The Board of Directors regularly holds executive sessions with directors who are all independent, as defined under applicable NASDAQ® rules and regulations.




Board Risk Oversight

Our Board, together with our named executive officers, oversees the management of risks inherent in the operation of the Company’s businesses and the implementation of its strategic plan. The Board performs this oversight role by reviewing the operations of the Company’s business and corporate functions and addressing the primary risks associated therewith. The Board has delegated certain responsibilities to the finance and strategic planning committee and the audit committee, including, among other things, reviewing the risks associated with the Company’s strategic plan, discussing policies with management regarding financial risk assessment and enterprise risk management, developing guidelines to govern the process by which major financial and accounting risk assessment is undertaken by the Company, identifying the primary risks to the Company’s business and interim updates of those risks, and monitoring and evaluating the primary risks associated with particular business units and functions.

In an effort to continue appropriately monitoring and understanding the Company’s risks, in 2012, the Board formed the health care affairs committee, which is a subcommittee of the finance and strategic planning committee. The health care affairs committee is comprised

of Board members with a strong background in health care. The health care affairs committee focuses on health care matters impacting the Company, including the Company’s health care compliance efforts. Since the formation of the health care affairs committee, the committee has focused on, among other things, the Company’s health care compliance plan and management of risks related to health care.

In performing such functions, the audit committee, the finance and strategic planning committee, and the health care affairs committee have full access to management, as well as the ability to engage advisors. The foregoing committees provide reports to the Board regarding the risk areas identified above. In addition, the compensation and stock option committee and the nominating and corporate governance committee address relevant risks during their respective meetings. The Board believes that the work undertaken by the audit committee, the finance and strategic planning committee and the health care affairs committee, together with the work of the full Board, the other committees, and our named executive officers, enables the Board to effectively oversee the Company’s risk management.

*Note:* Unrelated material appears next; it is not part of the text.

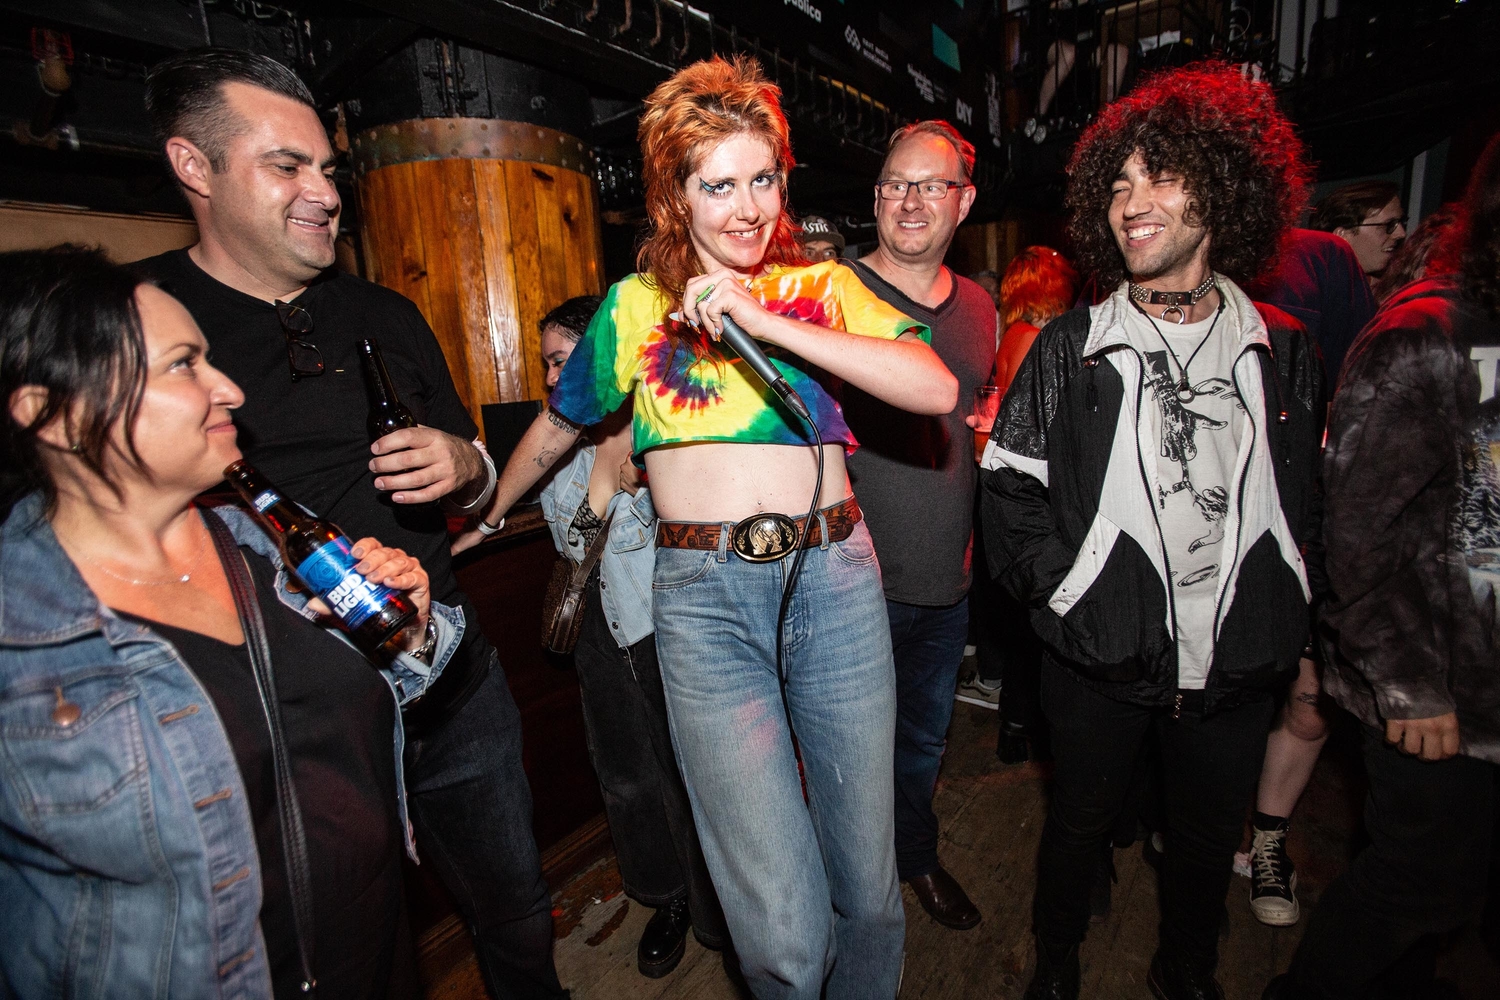 Surfbort, Gurr and Leoniden shine at Reeperbahn Festival NYC showcase

Board Membership and Director Independence

Currently, the Company’s Board has eleven members. The Board has determined that ten of those eleven directors, namely Chairman Kikumoto, Ms. Gulmi, Drs. Connolly and Miller and Messrs. Belsey, Bernstein, Dorsey, Carleton, McNair, and Tahbaz, satisfy The NASDAQ® Stock Market standard for director independence. The Board has determined that Mr. Todd, as our Chief Executive Officer is not independent under The NASDAQ® Stock Market standard for director independence.

The Board held 4 meetings in 2014. Each director attended 100% of the Board meetings during 2014 (during the period for which such person was a director) and 100% of the committee meetings on which each director served (during the period for which such person was a member of such committee). Four members of the Board attended the Company’s 2014 Annual Meeting. The Board does not have a policy for Board member attendance at the Company’s annual meetings.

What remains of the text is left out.